**Exercise directions:** Every line below from the one with "Calças pretas com aplicação..." through the one with "f9a7db6fdf1389ecbfa6_law_enforcement_program_flyer.jpg" should be retyped exactly, both ends included; no other lines and no pictures.

:: Records supplied ::

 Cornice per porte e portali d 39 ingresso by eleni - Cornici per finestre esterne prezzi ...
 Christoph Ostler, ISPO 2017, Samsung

:::
:: Records supplied ::

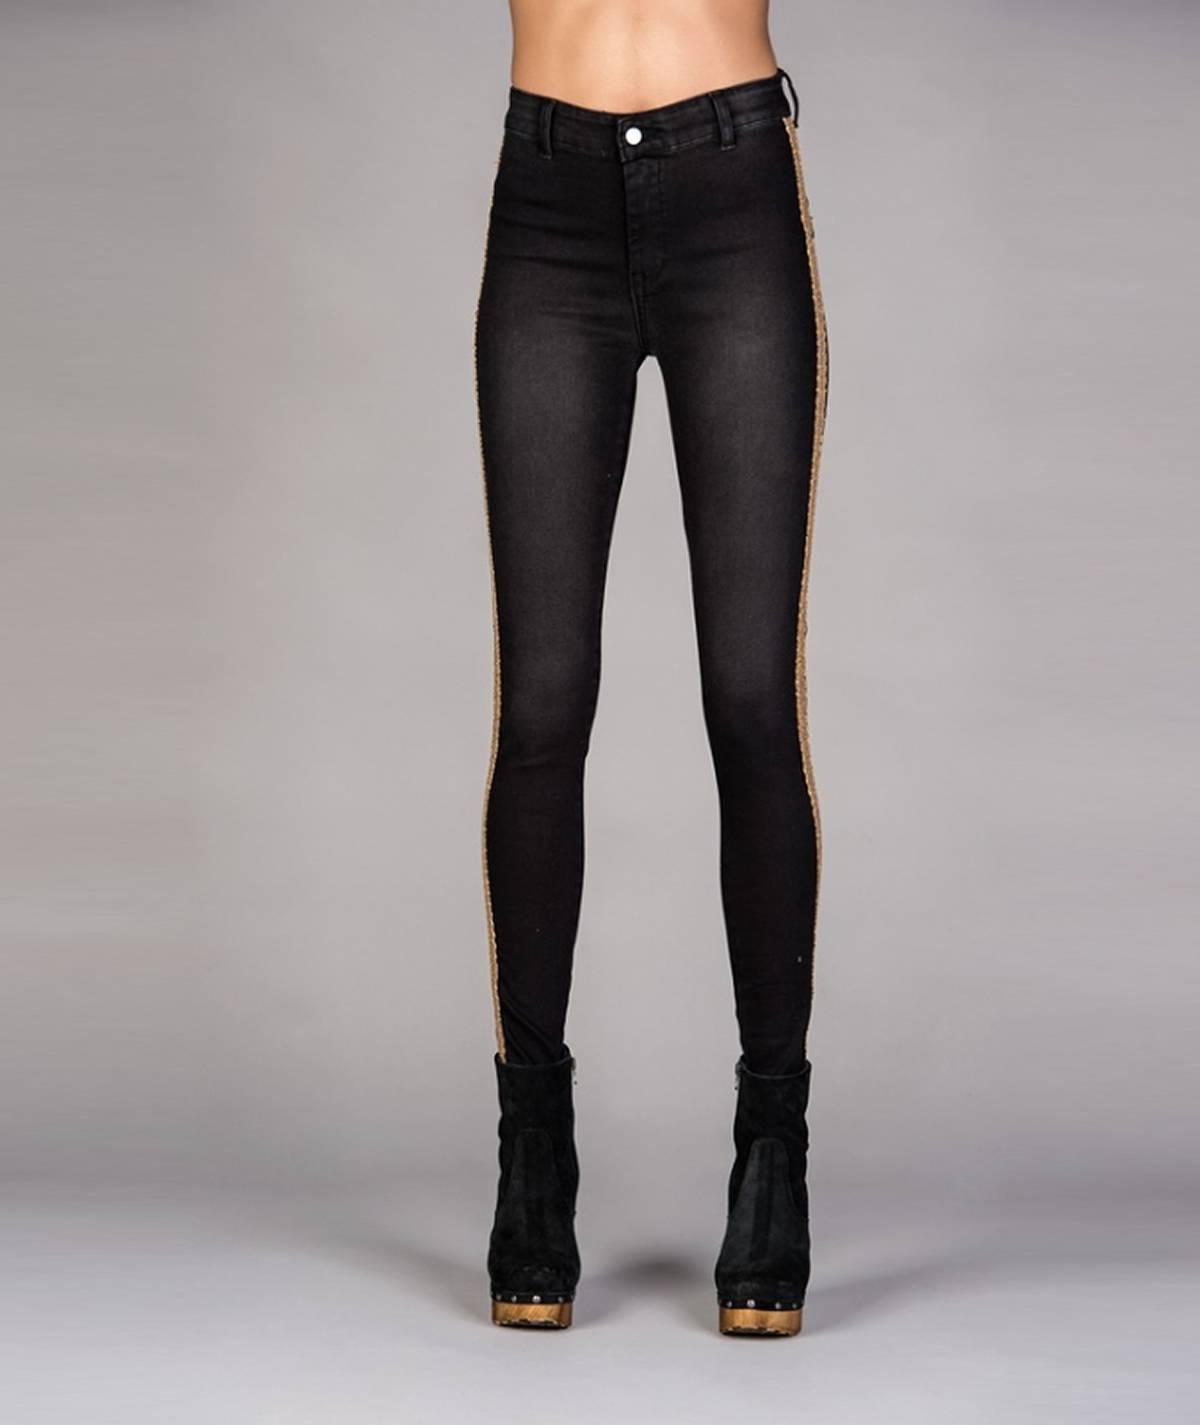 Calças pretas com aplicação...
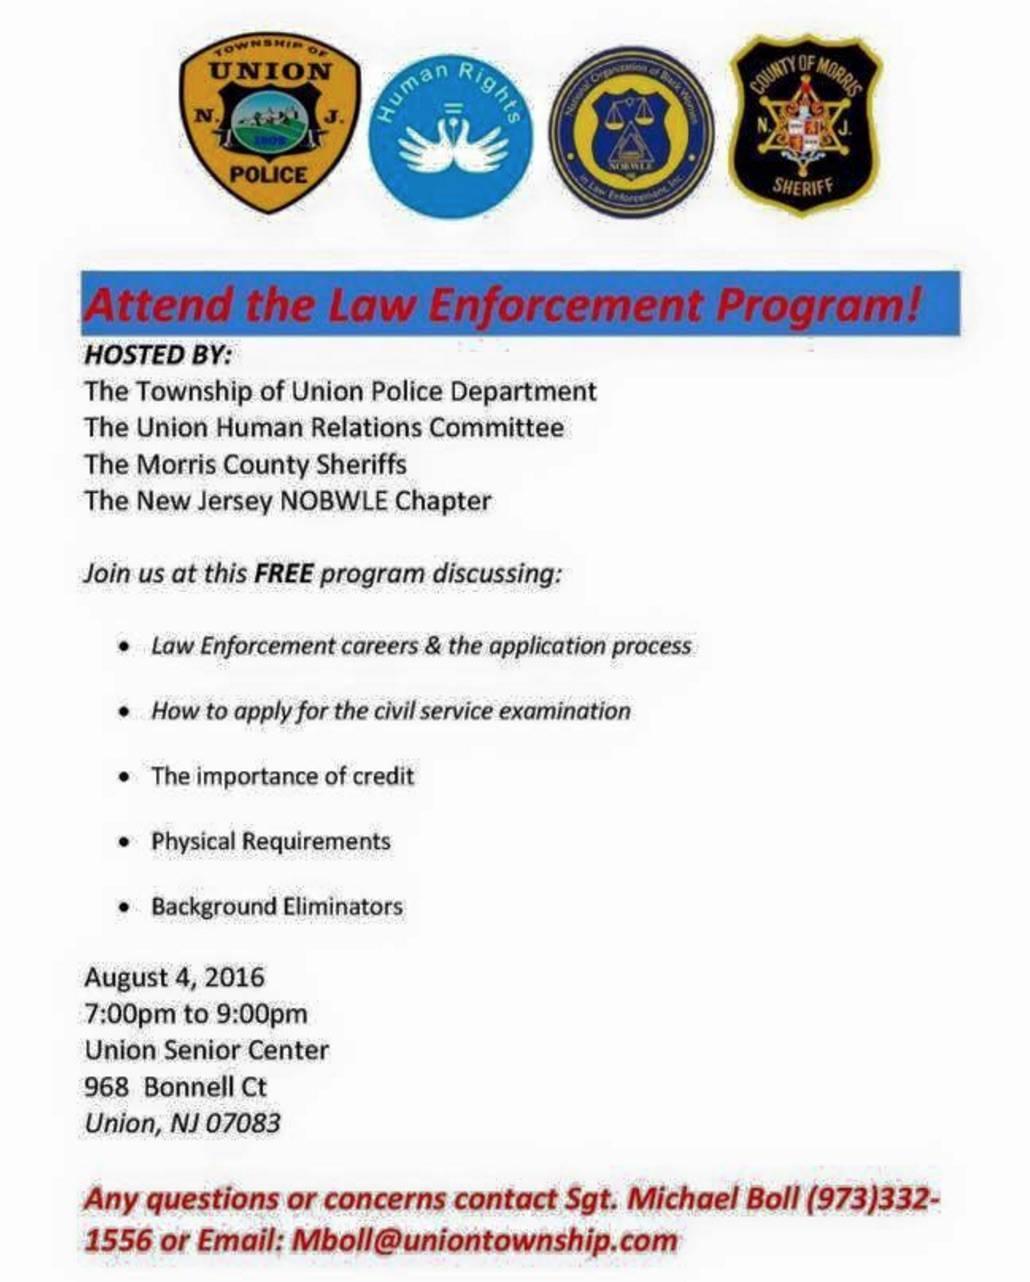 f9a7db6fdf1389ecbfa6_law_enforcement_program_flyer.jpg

:::
:: Records supplied ::

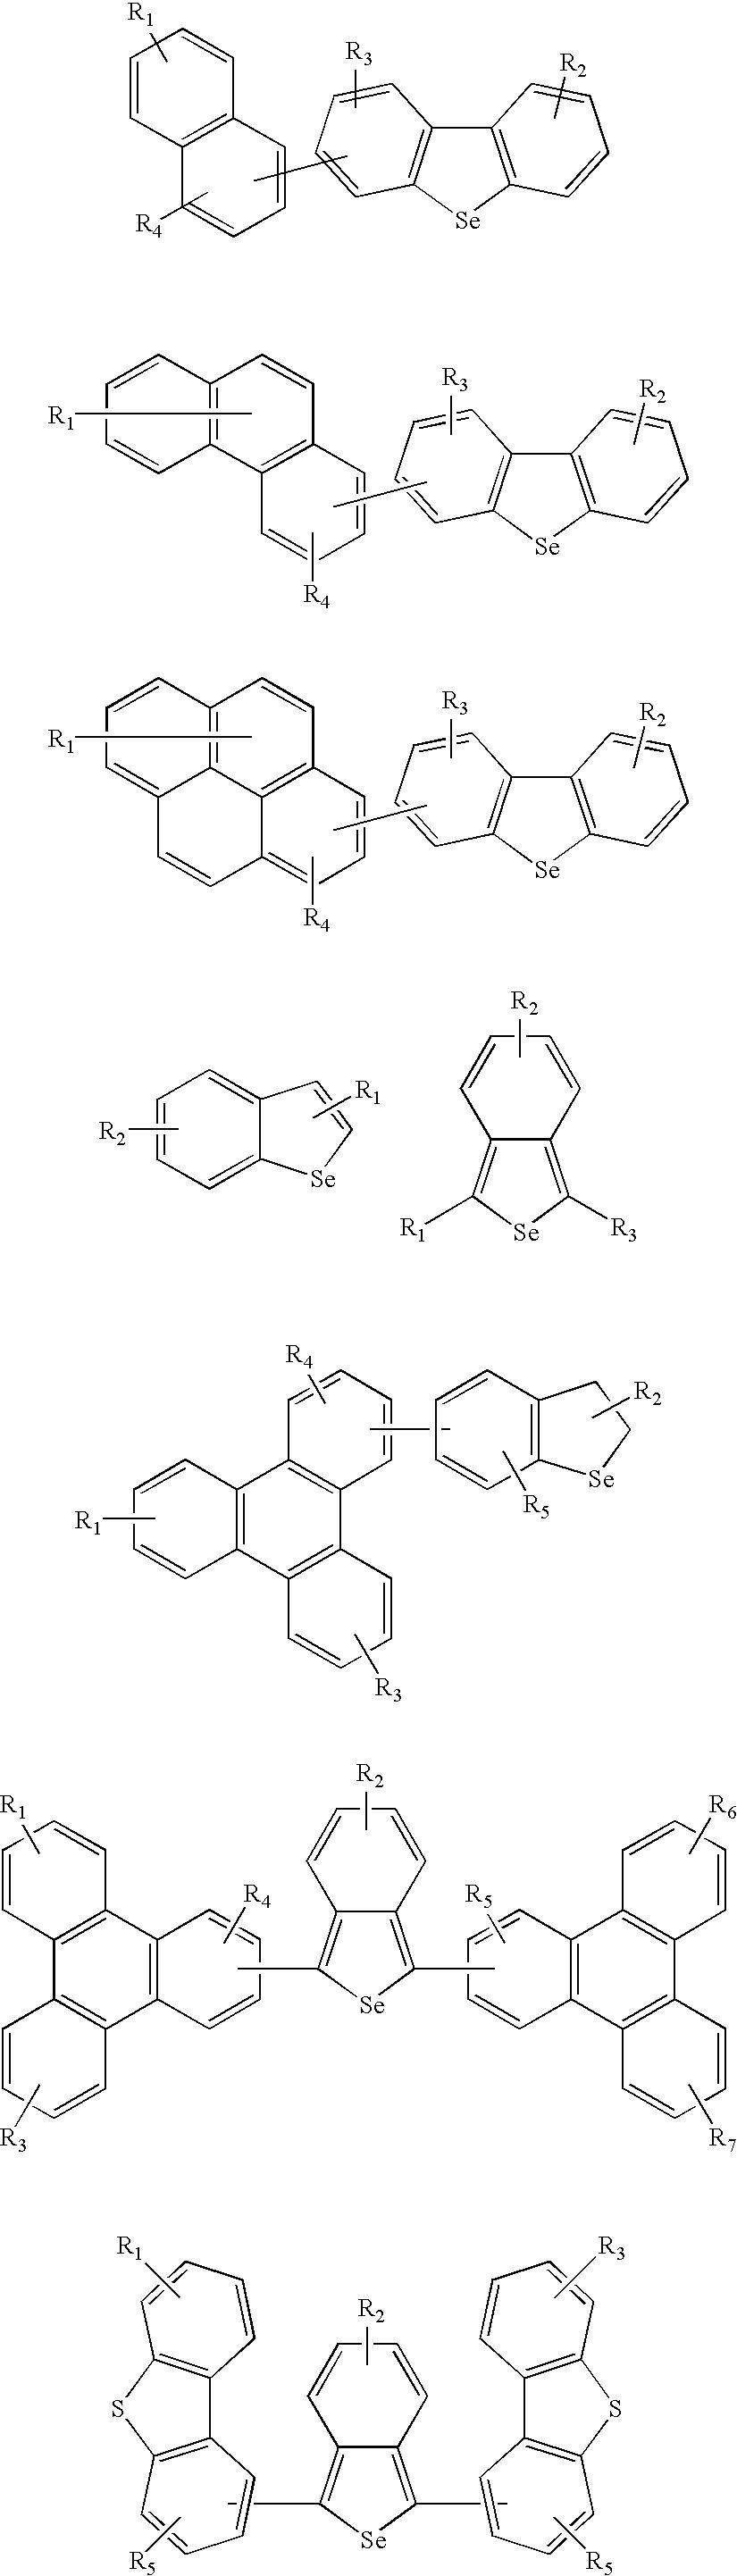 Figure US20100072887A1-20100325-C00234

:::

**Solution to this task:**
 Calças pretas com aplicação...
 f9a7db6fdf1389ecbfa6_law_enforcement_program_flyer.jpg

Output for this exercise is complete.